Excerpted records -
------
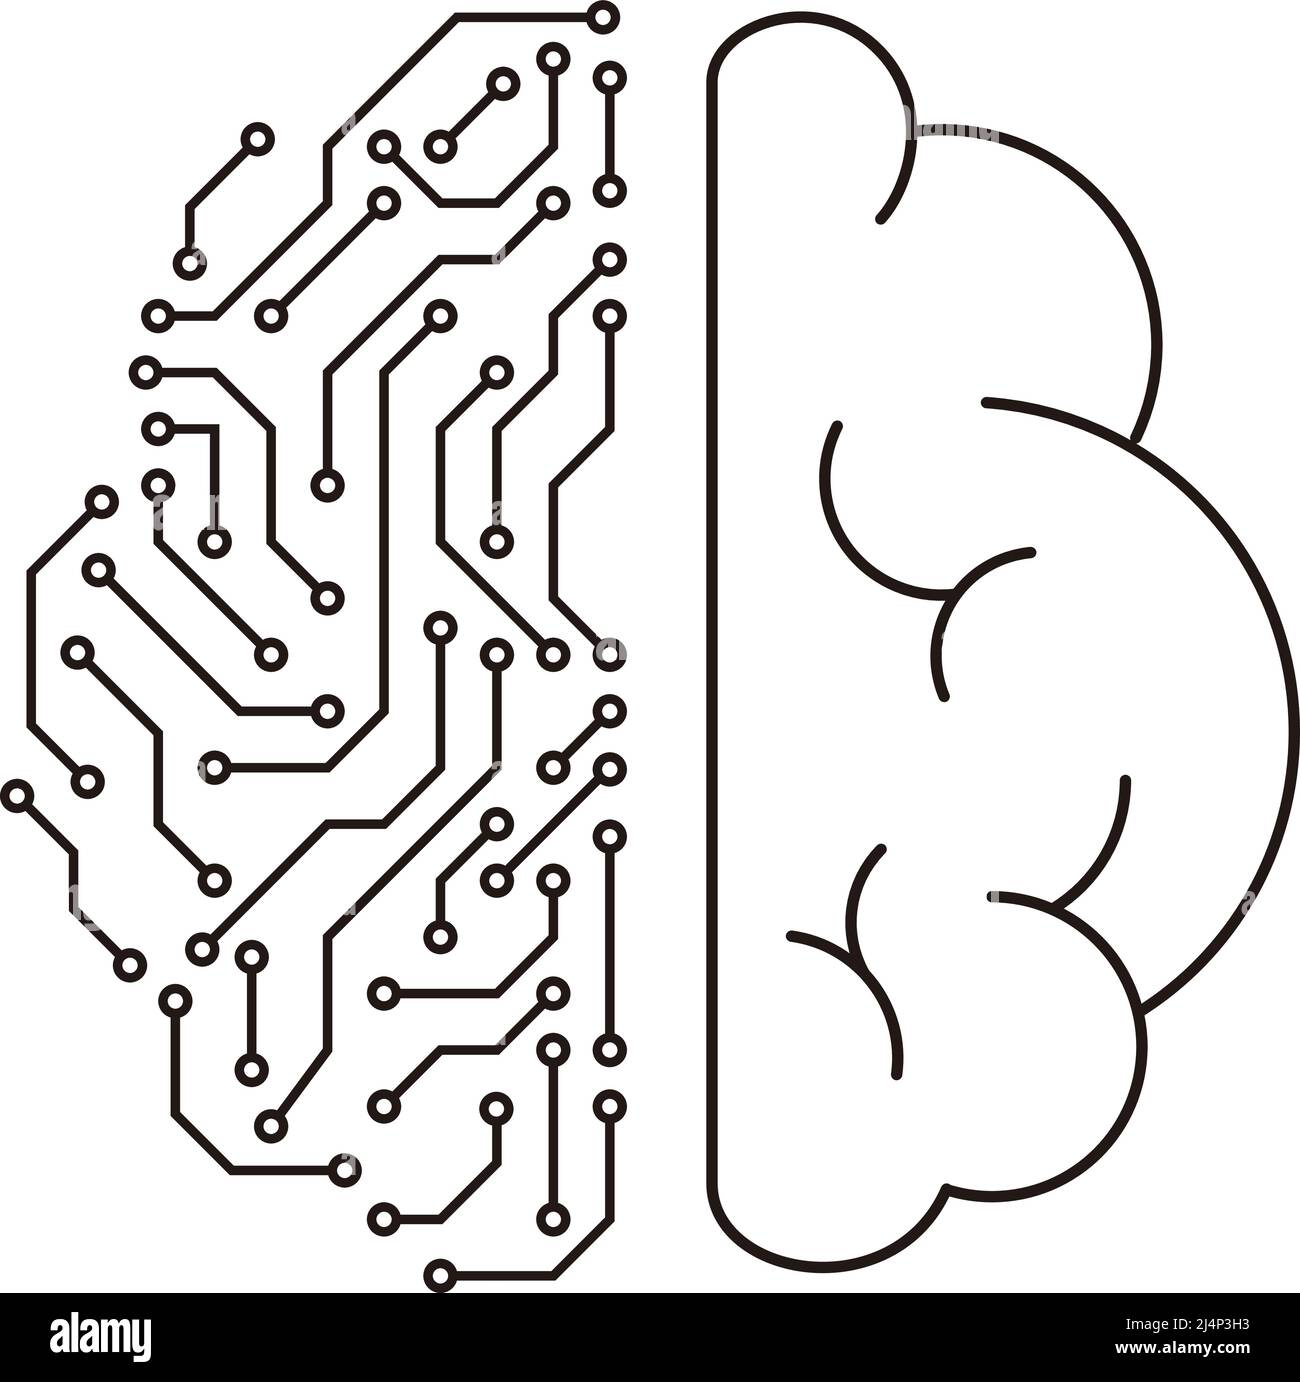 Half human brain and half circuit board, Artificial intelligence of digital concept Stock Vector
------
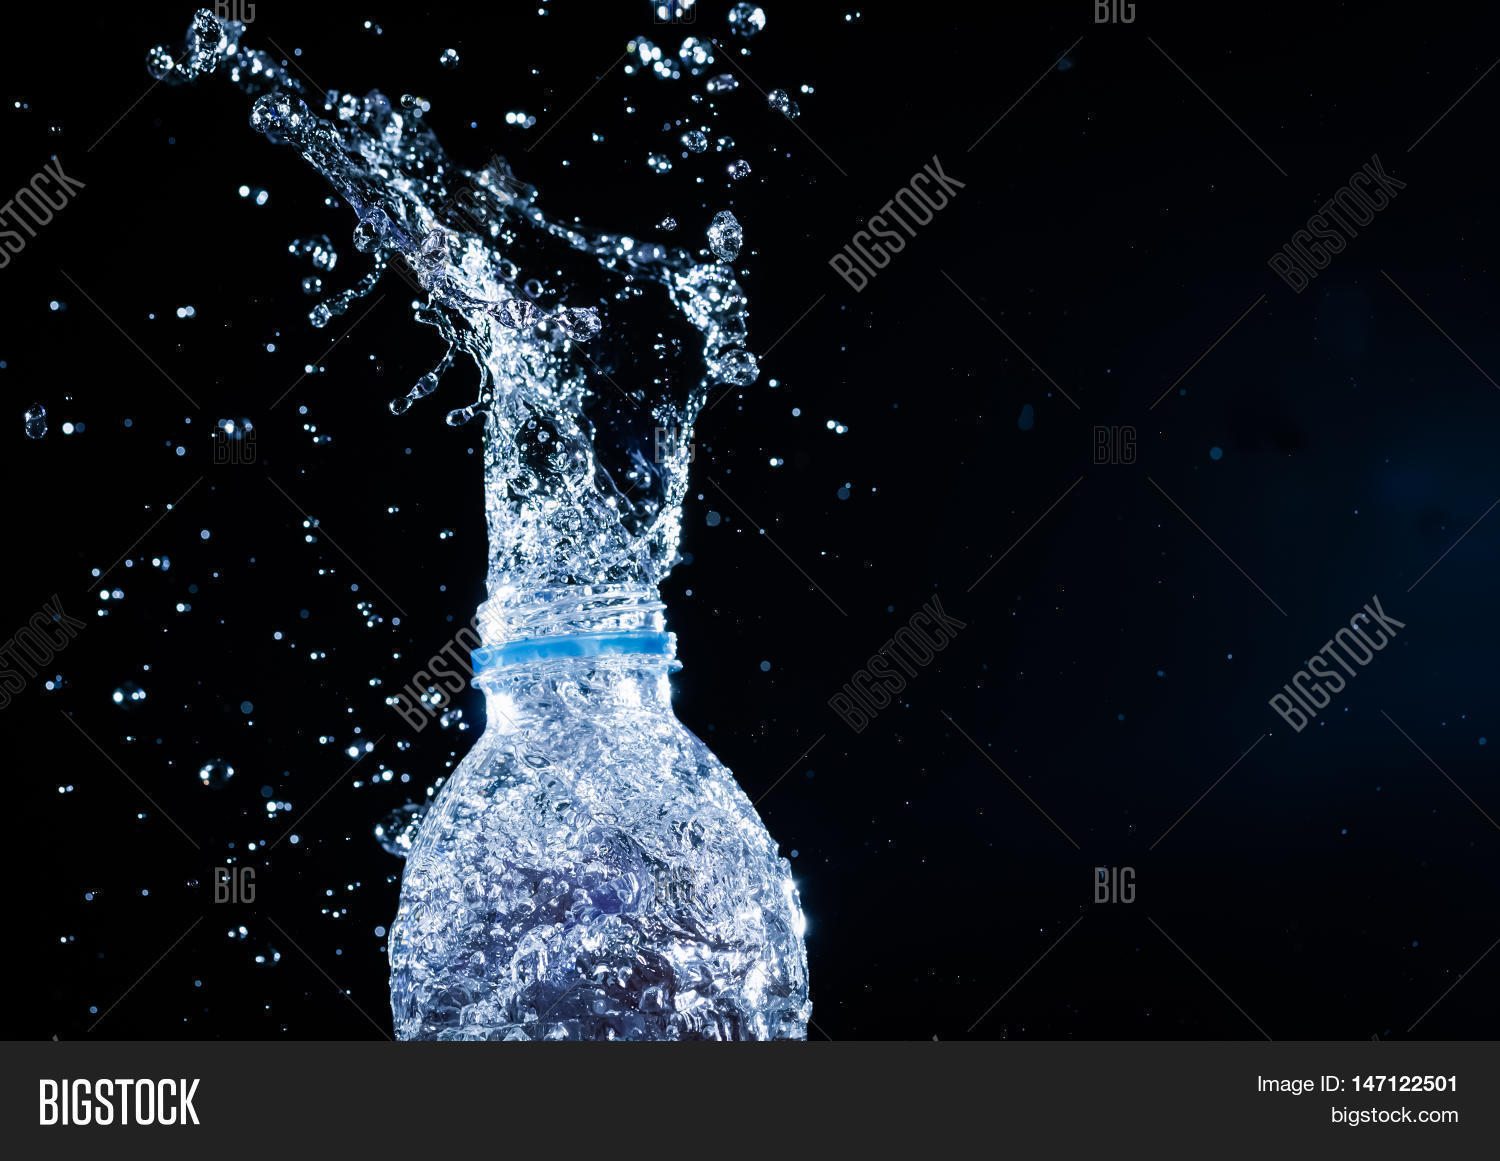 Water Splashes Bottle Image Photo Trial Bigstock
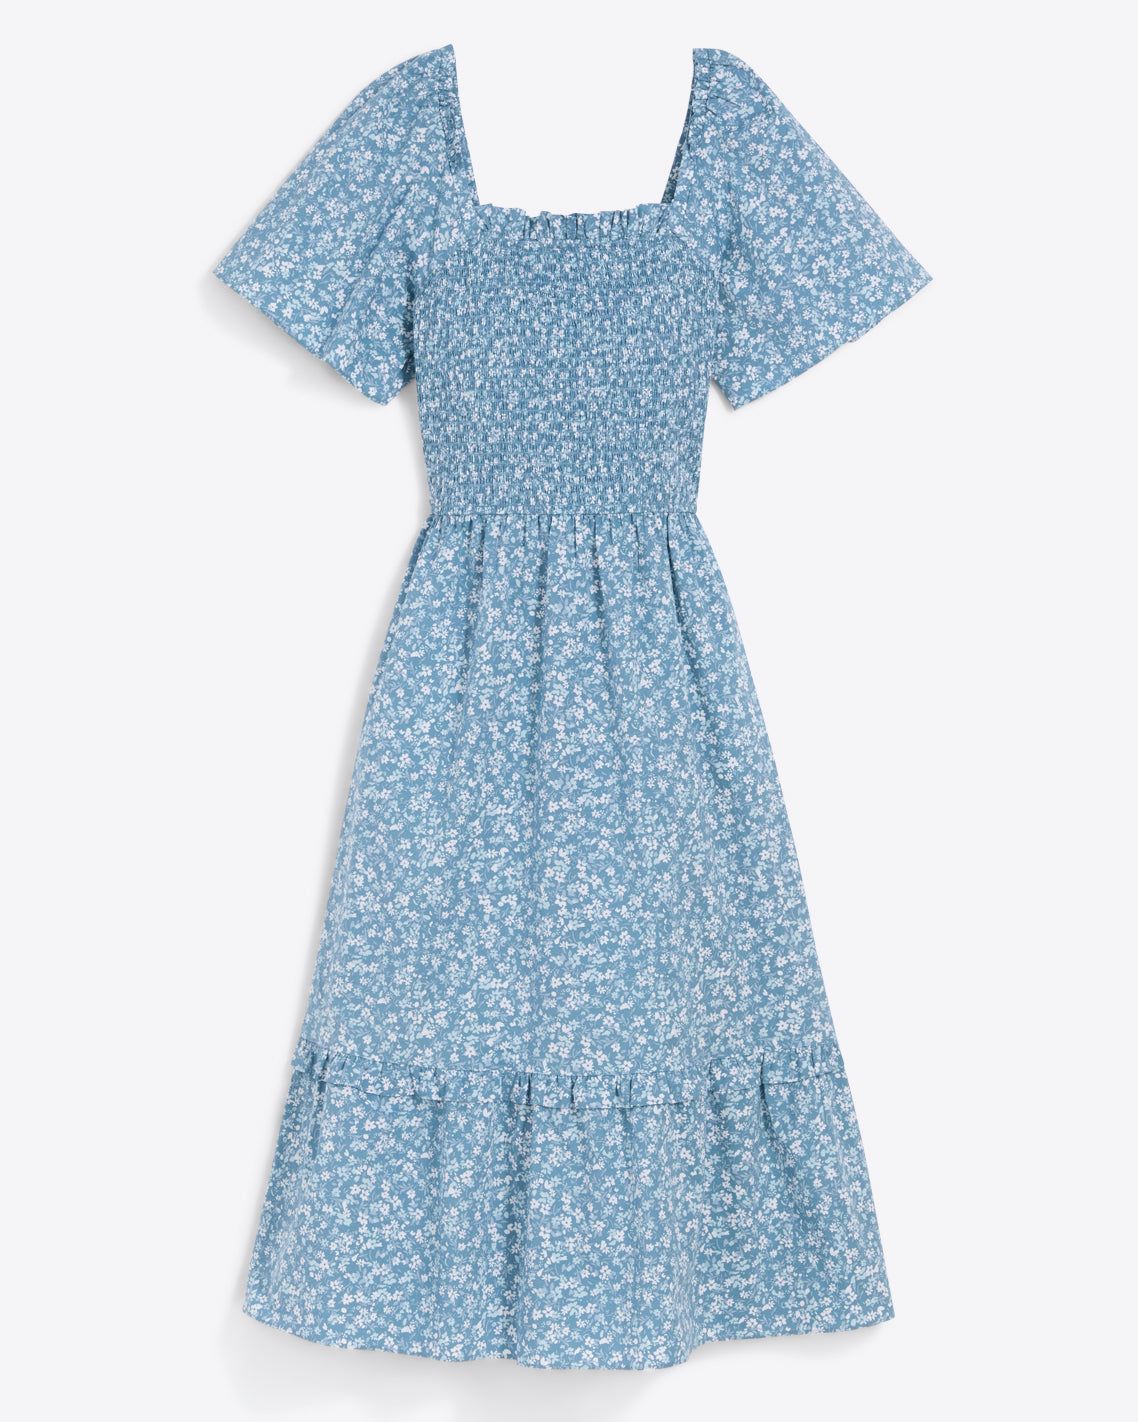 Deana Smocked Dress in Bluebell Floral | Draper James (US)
------
Problem statement -
Using the material above, reproduce only the lines that run from the line with "Water Splashes Bottle" up to and including the line with "Deana Smocked Dress", exactly, with the pictures dropped.

Result of this task -
 Water Splashes Bottle Image Photo Trial Bigstock
 Deana Smocked Dress in Bluebell Floral | Draper James (US)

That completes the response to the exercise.